There are three words in the English language that end in "-gry". Two of them are angry and hungry. Everyone know the third. If you are too stupid to remember the third word on your own, then google the answer.

Nareed
Nareed
  • Threads: 373
  • Posts: 11413
Joined: Nov 11, 2009
June 5th, 2011 at 6:07:26 AM permalink
Quote: Wizard

El Skipper que muestra su ira golpeando Gilligan con su sombrero . = The Skipper shows wrath by hitting gilligan with his hat.



The word "que" is superfluous. The way you wrote it translates as "The skipper who shows his anger by...."

Quote:

muestra = a sign of something.



Muestra in this context means "shows."


Quote:

Has anyone figured out the trend yet? If not, there are still two more words left in the series.



No, sorry. I'm not Catholic. :P
Donald Trump is a fucking criminal
Doc
Doc
  • Threads: 46
  • Posts: 7287
Joined: Feb 27, 2010
June 5th, 2011 at 8:29:28 AM permalink
Quote: pacomartin

Almost always the Germanic word is the everyday word ..., while the latin derived word is used in more elevated speech....


Posts I read this morning seem to keep reminding me of things. In this case, it is an expression I cited (with an explanation) last fall:

"Avoid Latin derivatives.
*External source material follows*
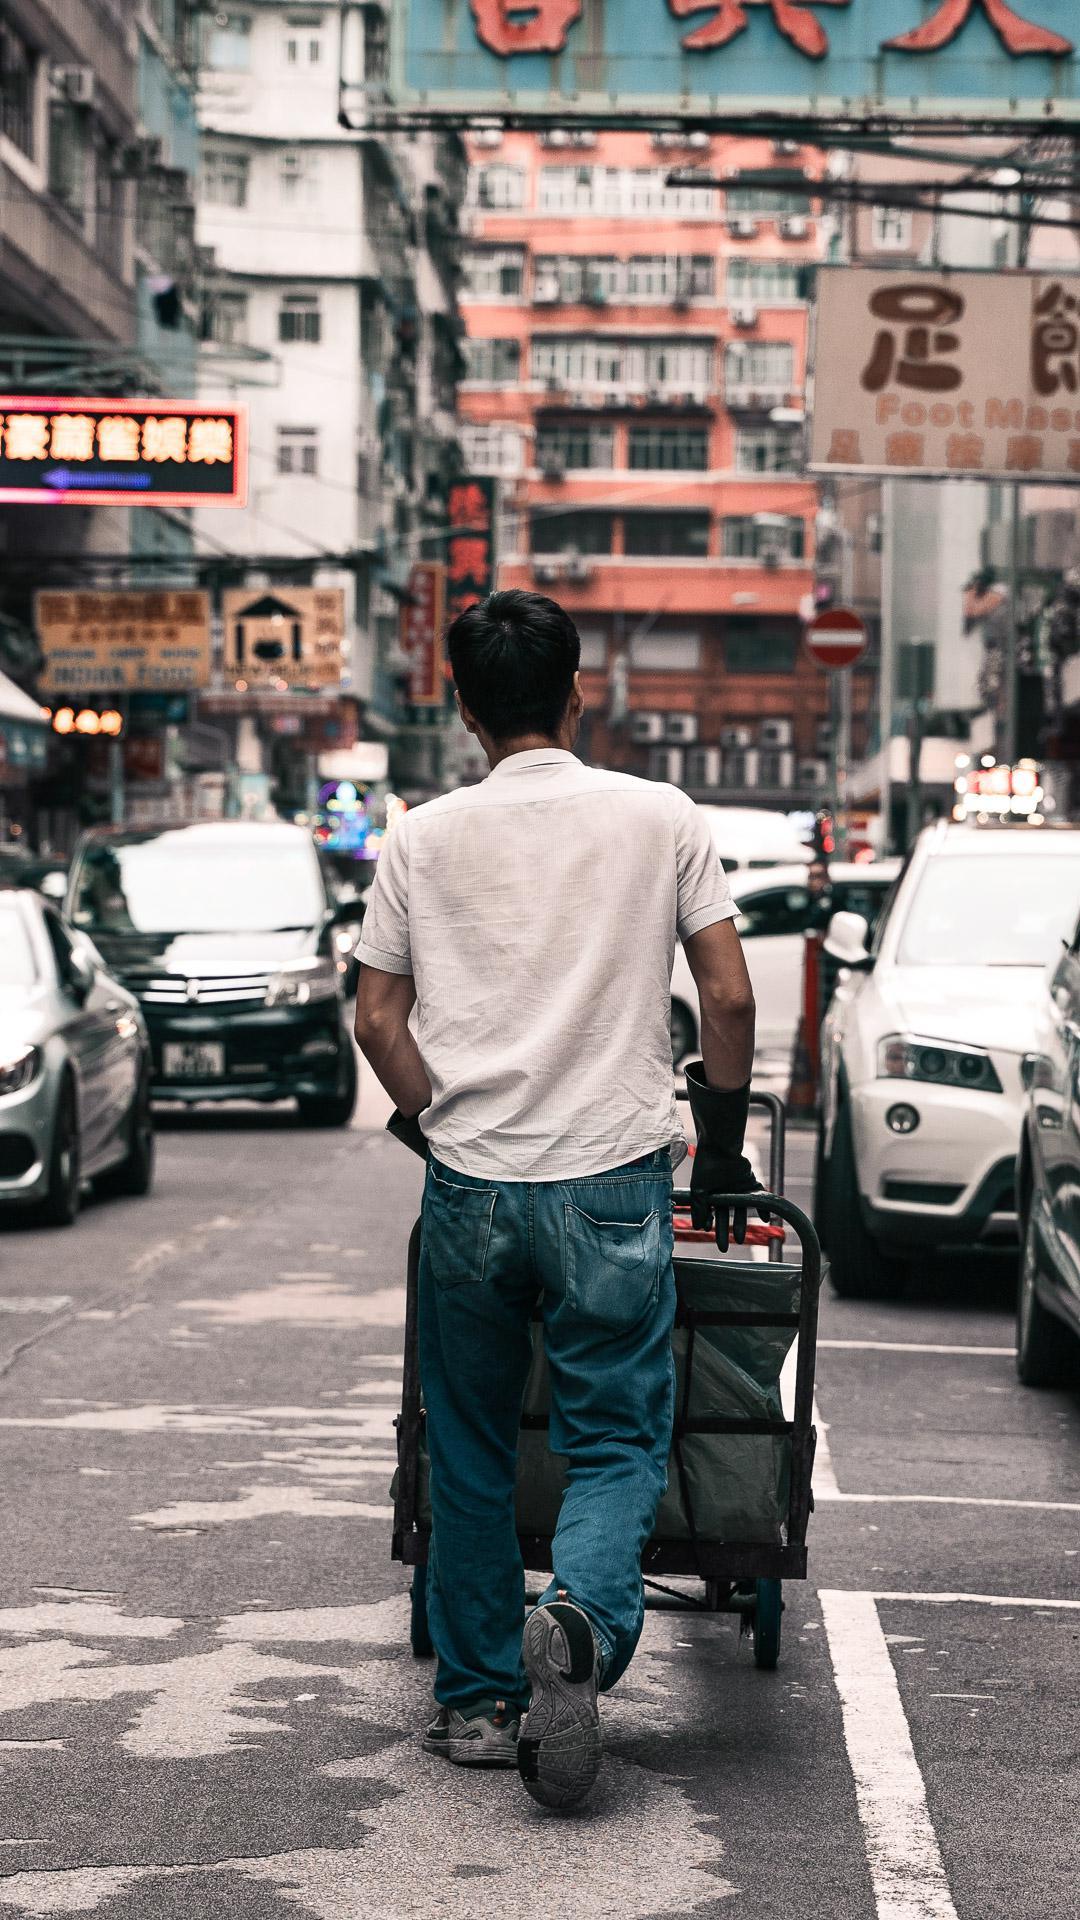 東京都 香港で撮影したものです。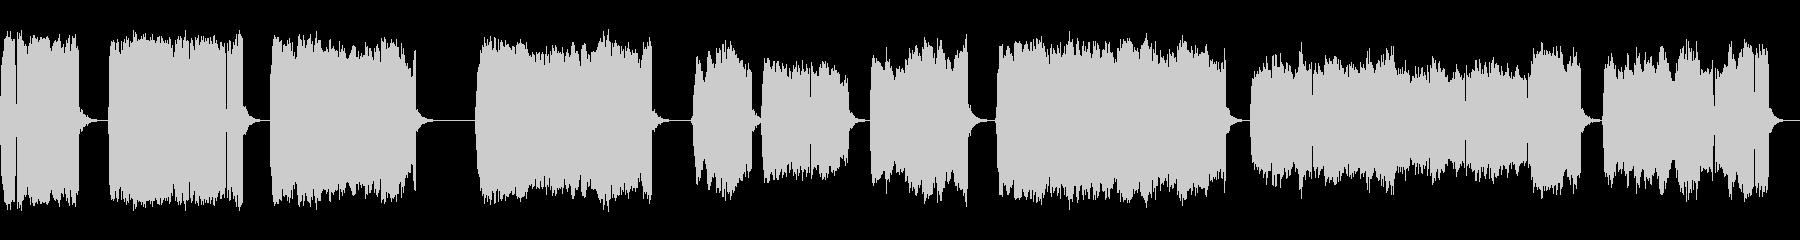 連続的な電気スパークとアーク、フォリーの未再生の波形

Use brief, terse, Anglo-Saxon monosyllables."
pacomartin
pacomartin
  • Threads: 649
  • Posts: 7895
Joined: Jan 14, 2010
June 5th, 2011 at 11:05:56 AM permalink
Quote: Doc

"Avoid Latin derivatives. Use brief, terse, Anglo-Saxon monosyllables."



Thanks Doc, I never heard that before.


English derive (Spanish infinitive derivar), literally from Latin to de (“away”) + rivus (“a stream”). Or to draw away from a river.

In a similar manner a rival is someone who wants to share your river.
teddys
teddys
  • Threads: 150
  • Posts: 5529
Joined: Nov 14, 2009
June 5th, 2011 at 3:12:38 PM permalink
Quote: Doc

"Avoid Latin derivatives. Use brief, terse, Anglo-Saxon monosyllables."



I believe that was from Ernest Hemingway's Kansas City Star stylebook?

(EvenBob, any confirmation on that?)
"Dice, verily, are armed with goads and driving-hooks, deceiving and tormenting, causing grievous woe." -Rig Veda 10.34.4
Doc
Doc
  • Threads: 46
  • Posts: 7287
Joined: Feb 27, 2010
June 5th, 2011 at 3:18:17 PM permalink
Quote: teddys

I believe that was from Ernest Hemingway's Kansas City Star stylebook?


I'm not well-read on Hemingway. Was he big-time into sarcasm? That's what the Latin-derivatives admonition is all about.
Wizard
Administrator
Wizard
  • Threads: 1496
  • Posts: 26626
Joined: Oct 14, 2009
June 6th, 2011 at 12:02:11 AM permalink
Fecha: 6 de Junio, 2011
Palabra del día: Envidiar


Today's word is envidiar, which is a verb meaning to be envious. Here are some related words:

envidia = envy, as a noun
envidioso = envious
celoso = jealous

Por supsuesto (of course), envious and jealous are practically interchangeable.

Tiempo para ver un ejemplo = Time to see an example.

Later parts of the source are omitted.